Sound waves of frequency 660 Hz fall normally on a perfectly reflecting wall. The shortest distance from the wall at which the air particles have maximum amplitude of vibration is (velocity of sound in air is 330 m/s)
A. 0.125 m
B. 0.5 m
C. 0.25 m
D. 2 m

Answer 1

Hint: The velocity of sound is equal to the product of the wavelength of the sound waves and the frequency of the sound waves. The standing waves are formed after reflection of the sound waves from the wall. The first maxima is formed at a distance equal to one fourth of the wavelength of the sound waves.
Formula used:
The relation between velocity of the sound, the frequency and the wavelength of the sound is given as
$v = \nu \lambda $

Complete answer:
We are given sound waves which have frequency given as
$\nu = 660Hz$
We are given the velocity of the sound to be
$v = 330m/s$
Using the relation between velocity of the sound, the frequency and the wavelength of the sound, we can calculate the wavelength of the sound in the following way.
$\lambda = \dfrac{v}{\nu }$
Inserting the known values, we get
$\lambda = \dfrac{{330}}{{660}} = 0.5m$
When sound waves are made incident on the reflecting wall then sound waves get reflected from the wall.
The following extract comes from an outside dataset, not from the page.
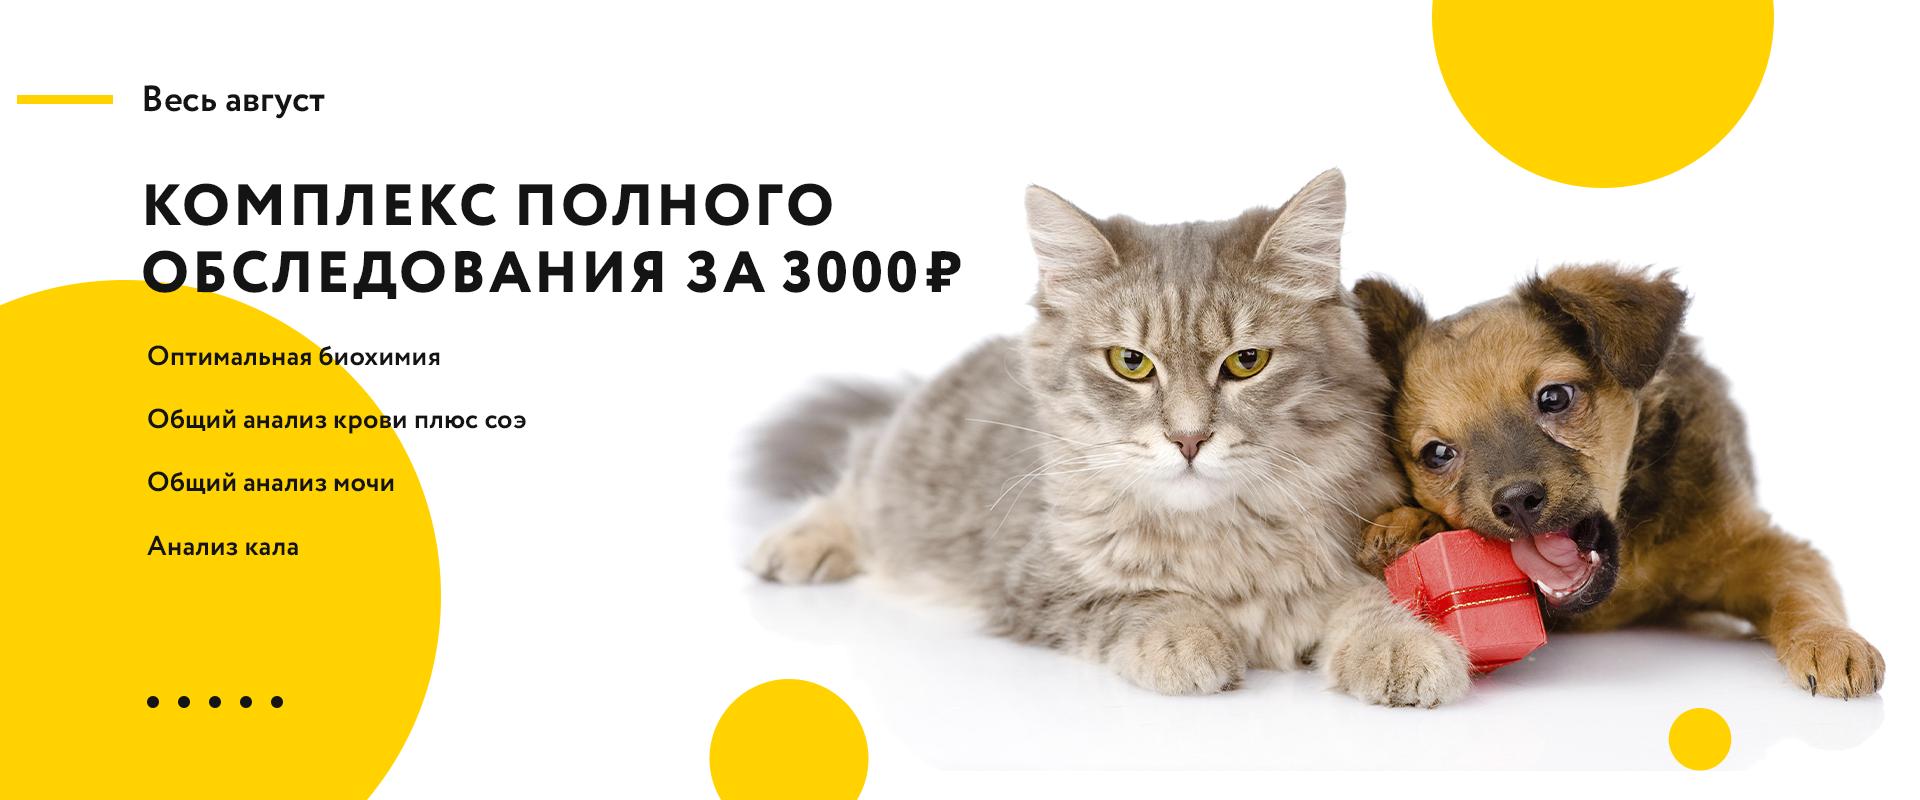 Полное обследование за 3000 рублей!

The incident waves and the reflected waves interfere with each other forming standing waves. The shortest distance from the wall at which the air particles have maximum amplitude of vibration is at a distance of one fourth the wavelength of the sound waves. It is given as
$\dfrac{\lambda }{4} = \dfrac{{0.5}}{4} = 0.125m$

So, the correct answer is “Option A”.

Note:
Since sound waves require a medium to travel. The particles of the medium vibrate when sound waves pass through them. At the maximum position, the particles of the medium have maximum displacement from their mean position while at mean position, there is zero displacement from the mean position and this is called a node.